Lemma 5 can be viewed as a generalization of Inequality (A2): when \({\mathcal M}=\mathbb {R}^p\), then we have \(C_T=0\), \(\Pi _{T,\perp }=\emptyset \) and as a result, \(\Vert \Pi _{T_{\textbf{x}^*}({\mathcal M}),\perp }\nabla f(\textbf{x}^*)\Vert =0\).
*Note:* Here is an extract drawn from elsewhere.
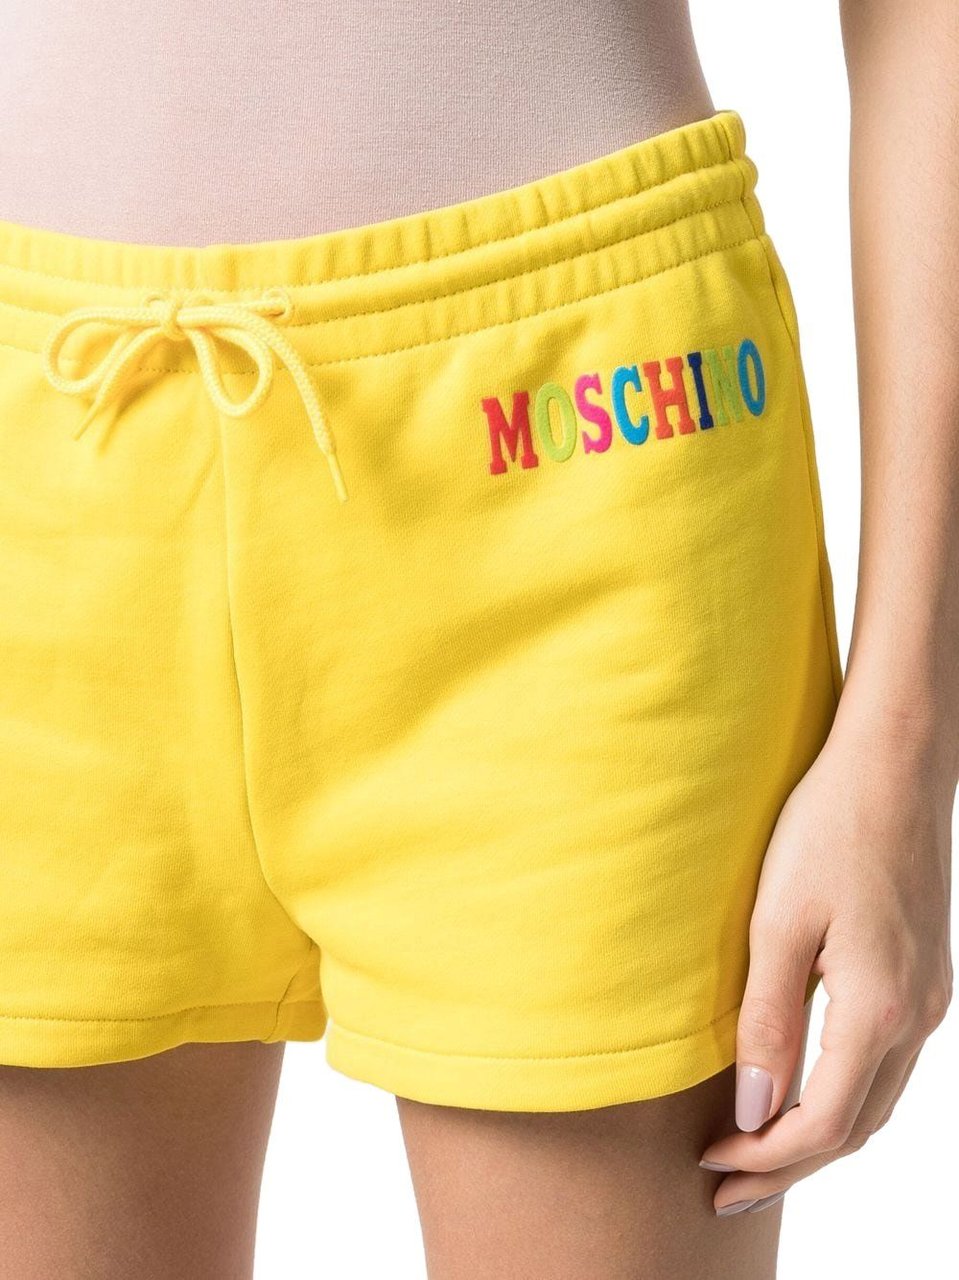 Moschino Shorts Yellow Yellow Geel

To apply Lemma 5 to our problem, we need to estimate the parameters \(c_0, C_T, C_{H,1},\) \(\Vert \Pi _{T_{\textbf{x}^*}({\mathcal M})}\nabla f(\textbf{x}^*)\Vert \), and \(\Vert \Pi _{T_{\textbf{x}^*}({\mathcal M}),\perp }\nabla f(\textbf{x}^*)\Vert \) in the statement of Lemma 5. In particular, \((c_0,C_T)\) depends on the manifold \({\mathcal M}\) used in the optimization problem (2.4), which is

$$\begin{aligned} {\mathcal M}=\{(\textbf{C},\gamma )\in \mathbb {R}^{q\times m}\times \mathbb {R}^p: \textrm{rank}(\textbf{C})=r\}. \end{aligned}$$
(A3)

By treating \({\mathcal M}\) as the product space of \(\mathbb {R}^p\) and the manifold of low-rank matrices \(\{\textbf{C}\in \mathbb {R}^{q\times m}: \textrm{rank}(\textbf{C})=r\}\) and following the tangent space of the set of low-rank matrices in the literature (Absil and Oseledets 2015; Zhang and Yang 2018), we obtain the following lemma of “curvedness” parameters \((c_0,C_T)\) of \({\mathcal M}\) at \((\textbf{C}^*,\gamma ^*)\).

Lemma 6

The manifold \({\mathcal M}\) defined in (A3) is curved with parameter \((c_0,C_T)\) at \((\textbf{C}^*,\gamma ^*)\), for any \(c_0\le \sigma _{r}(\textbf{C}^*)/2\) and \(C_T=2/\sigma _{r}(\textbf{C}^*)\), where \(\sigma _{r}(\textbf{C}^*)\) represents the r-th (i.e., the smallest) singular value of \(\textbf{C}^*\).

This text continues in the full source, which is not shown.